Buyers will base their own valuation on first overall impressions and on closer inspection of details. On both of those counts, the car should first and above all be spotlessly clean, not just a wash and polish of the primary surfaces, but a meticulous valet job on every detail.

Photo credit: Shutterstock

Gavin,
When selling a car, what are the most important and inexpensive things that can improve its value? 
Geoffrey 

Short answer: Think about the wrongs that could reduce the value, and put them right. 

Longer answer: Buyers will base their own valuation on first overall impressions and on closer inspection of details. On both of those counts, the car should first and above all be spotlessly clean, not just a wash and polish of the primary surfaces, but a meticulous valet job on every detail, inside and out, under the bonnet, in the boot, in the engine compartment and on the floor and under it.

In every nook and cranny, and along and between creases, around every knob and dial on the dashboard, even the reflectors inside the lights. Not everything can or needs to look brand new, but it should look clean, clean, clean.

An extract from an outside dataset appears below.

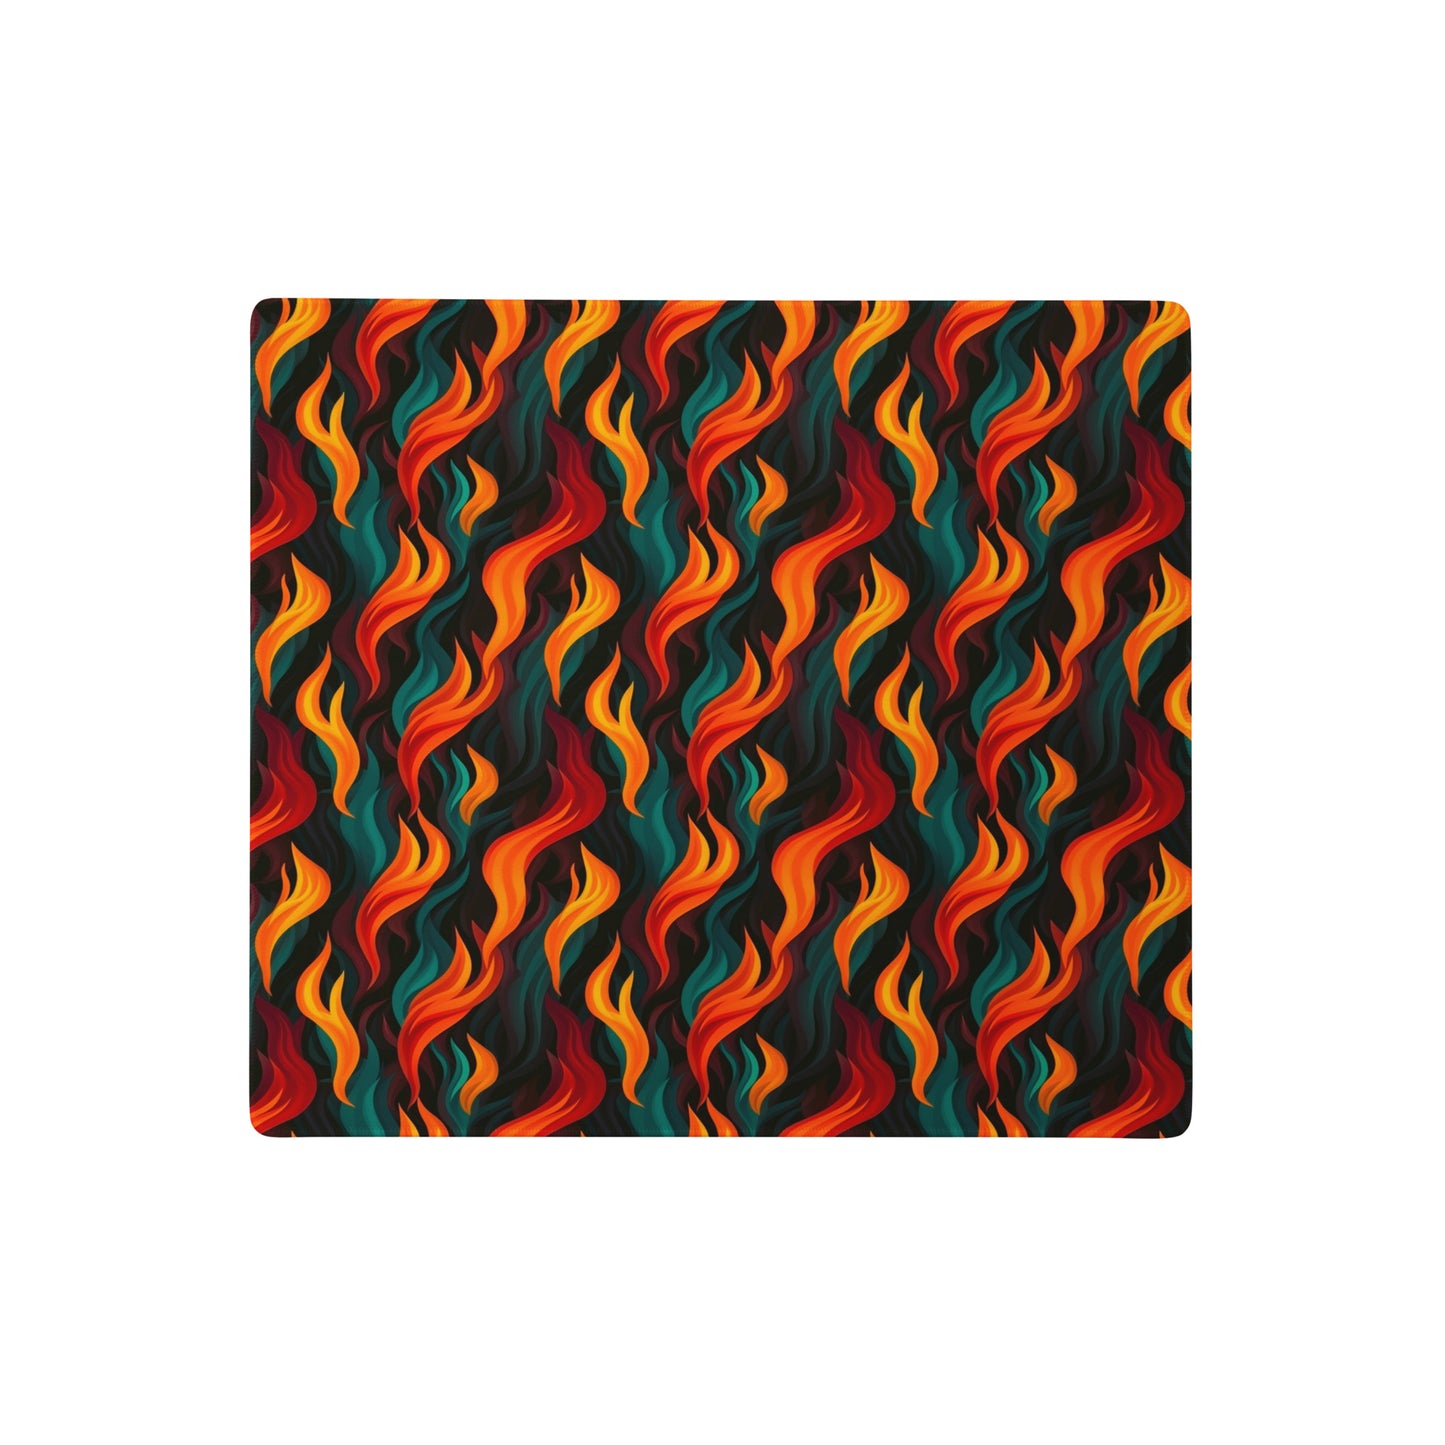 A 18" x 16" desk pad with a wavy flame pattern on it. Red and Teal in color.

The sales message: this car has been well looked after. 

The cleaning process will reveal any unsightly damage; rust, dents, cracks, oil leaks, tears, scratches and scrapes, missing screws, crooked rubber seals, perished wiper blades, torn floor mats or seat fabric etc. Fix them. Track down any rattles or squeaks (which you might have got used to) and fix those, too. “Well-repaired” is as positive an indicator as “replaced”.

Anything the buyer might look at or test should be correct. Next, make sure all the driver controls work as they should. The headlights, the indicators, the wipers, the horn, every bulb inside and out, the glovebox clip, the door latches and locks, the rearview mirror adjustment, the seat slides and adjusters, the handbrake ratchet, the levers and knobs, and even the jack and wheel brace. 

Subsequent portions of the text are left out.